U.S. Sen. Susan Collins of Maine continues to see fallout from her vote to confirm Supreme Court Justice Brett Kavanaugh, with someone changing her Wikipedia page Tuesday to say that she had voted to “put an attempted rapist on the Supreme Court.”
The altered page was up for a very short period before it was corrected, but the prank edit did receive some attention on social media, and photos of the entry were being circulated.
Annie Clark, a spokeswoman for Collins in Washington, D.C., said the entry had been corrected, and she questioned why the incident was even being treated as news.
“I would hope that the Portland Press Herald wouldn’t be writing a story about an act of partisan vandalism on Senator Collins’ Wikipedia page that was fixed by Wikipedia within one minute of its posting,” Clark wrote in an email. “I can’t see how – or why – that would be a news story.”
The edit of the online, crowd-sourced encyclopedia changed the first line of the entry on Maine’s senior senator to state that she voted “to put an attempted rapist on the Supreme Court after what she called a ‘thorough investigation’ by the FBI in which the principal participants were not even interviewed.”

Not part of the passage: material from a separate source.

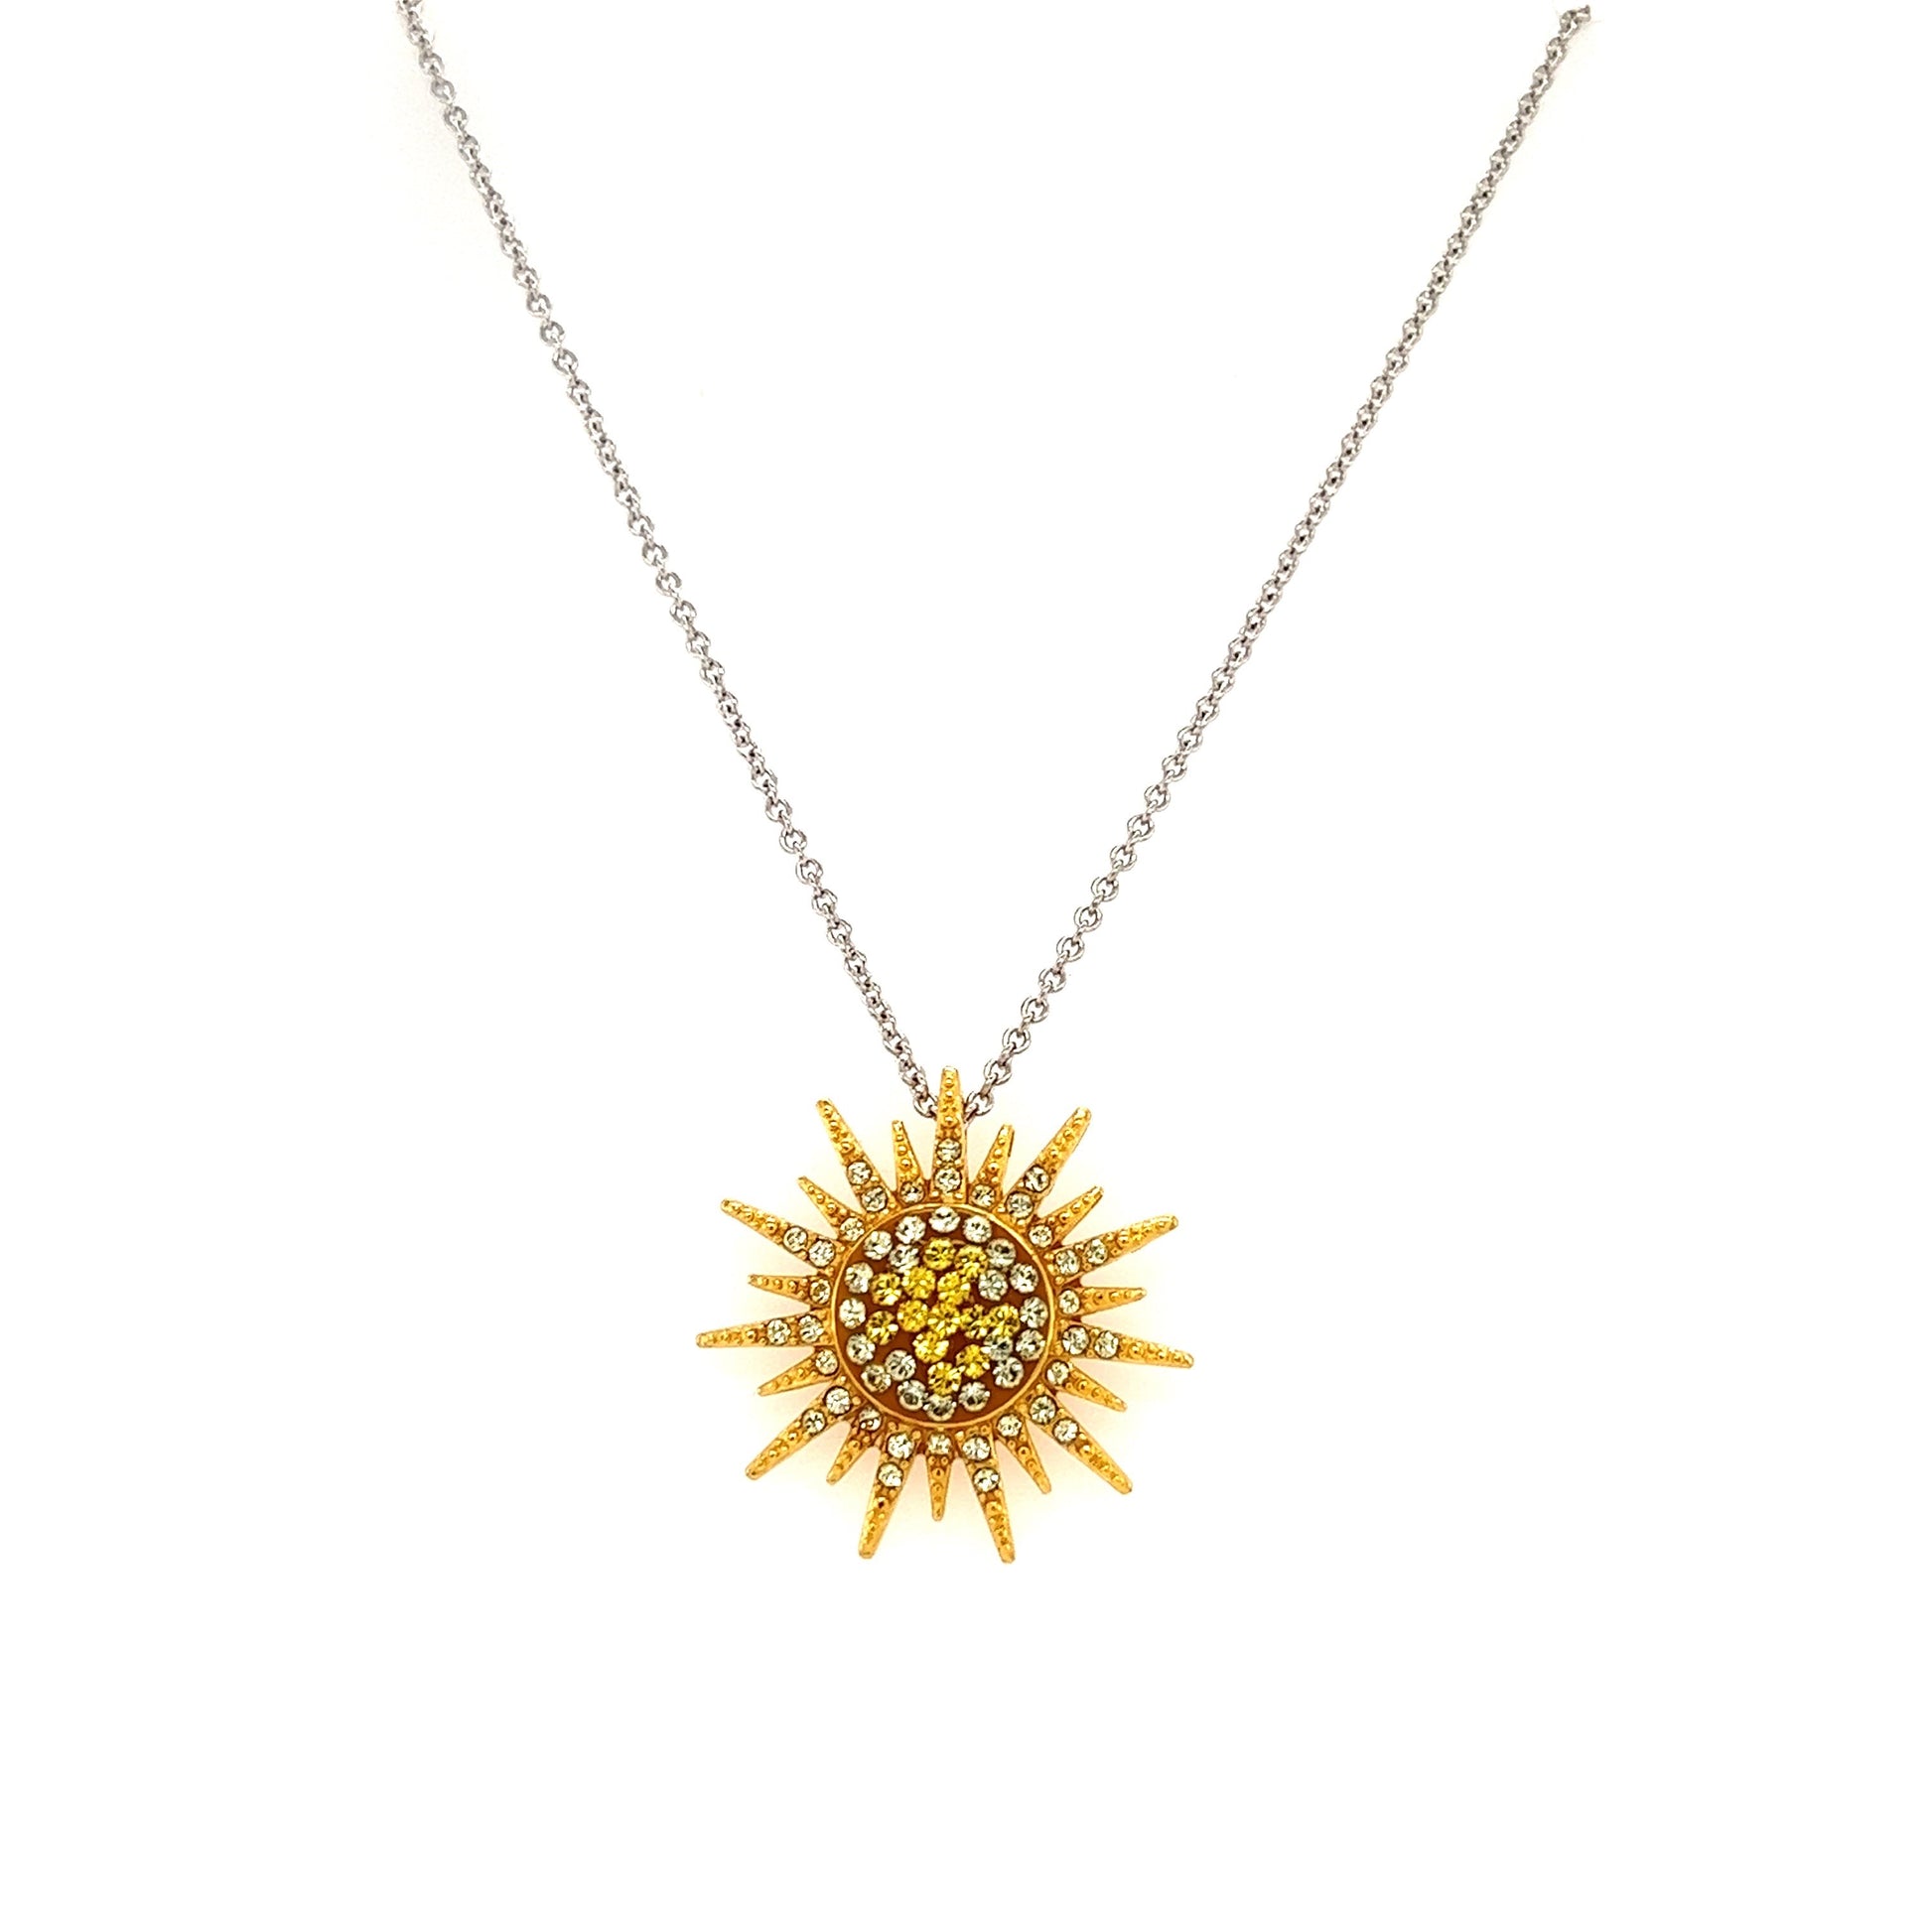 Sunburst Necklace With Yellow and White Crystals in Sterling Silver Front View

Anyone with internet access can write and make changes to Wikipedia articles, except in cases where editing is restricted to prevent disruption or vandalism. Editing access to Collins’ entry was disabled after the original wording was restored. A message to Wikipedia’s media team was not returned Tuesday.
Collins joined all of her Republican colleagues and Democratic Sen. Joe Manchin of West Virginia in voting Saturday to confirm Kavanaugh’s appointment to the Supreme Court in a 50-48 vote. The confirmation came after weeks of controversy and allegations that he had engaged in acts of sexual misconduct while in high school and college in the 1980s. Kavanaugh steadfastly denied the charges, and after an additional one-week investigation by the FBI, which Collins and two other Republican senators had requested, he was approved to sit on the country’s highest court.
On Sunday, Collins told reporters in Maine that she was receiving positive feedback for her vote to confirm Kavanaugh.
However, Collins has also come under fierce criticism, some of it personal. Her office said on Sunday that she and her offices have been provided enhanced security for weeks because of “multiple serious threats.” In the weeks leading up to the vote, opponents of Kavanaugh staged protests in Maine designed to influence the senator’s decision, including at her offices in Portland and Bangor, and outside her home in Bangor.
About 50 people showed up at a noontime rally Sunday against Collins at the Portland International Jetport shortly before she spoke at a ceremony to dedicate a bridge in Norridgewock named in memory of Cpl. Eugene Cole, the Somerset County sheriff’s deputy shot and killed in the line of duty in April.
The backlash also includes a boycott threat against Maine’s tourism and seafood industries.
Collins, who is serving in her fourth six-year term in the Senate, called the vote one of the most difficult in her political career.